■ **Problem requirements**: When the listing below reaches the line that has "Icon Brickell One, line 13 floor plans", start reproducing exactly; stop after the line that has "#Animalalphabets W is", and drop the pictures.
[[ Input material, beginning ]]
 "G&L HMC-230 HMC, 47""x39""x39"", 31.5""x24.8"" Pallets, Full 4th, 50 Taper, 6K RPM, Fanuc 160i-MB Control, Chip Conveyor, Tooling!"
[[ Input material, end ]]
[[ Input material, beginning ]]
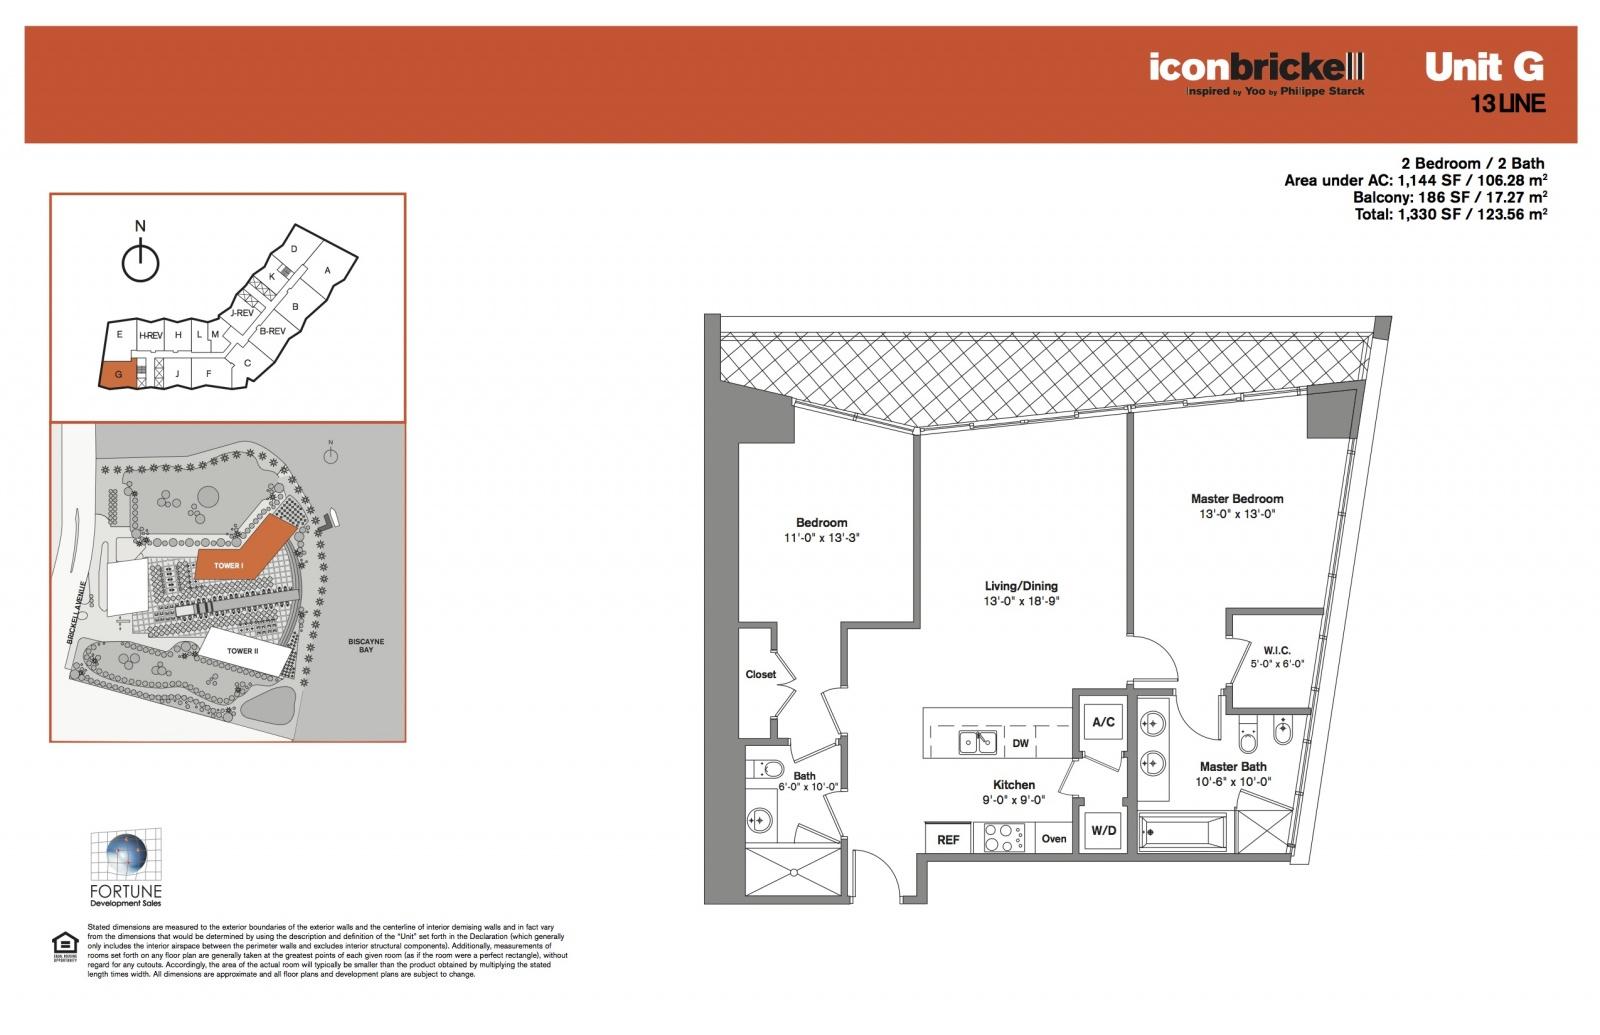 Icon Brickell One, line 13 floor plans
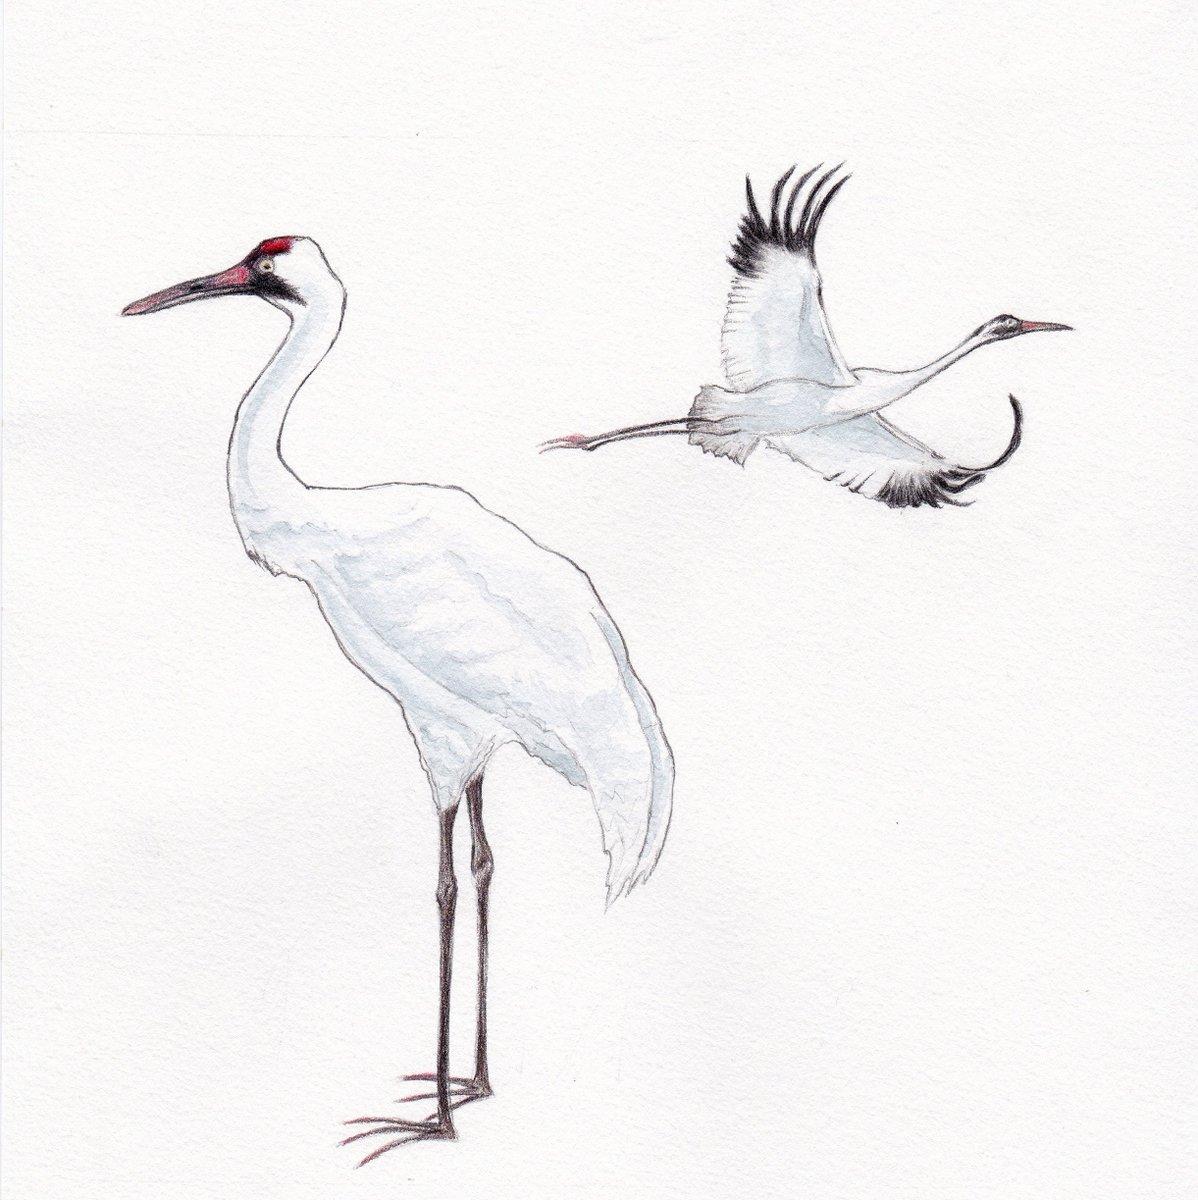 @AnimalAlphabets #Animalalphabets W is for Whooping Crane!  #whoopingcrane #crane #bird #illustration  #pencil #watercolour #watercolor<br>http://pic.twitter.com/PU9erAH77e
[[ Input material, end ]]
■ **Answer box**:
 Icon Brickell One, line 13 floor plans
 @AnimalAlphabets #Animalalphabets W is for Whooping Crane!  #whoopingcrane #crane #bird #illustration  #pencil #watercolour #watercolor<br>http://pic.twitter.com/PU9erAH77e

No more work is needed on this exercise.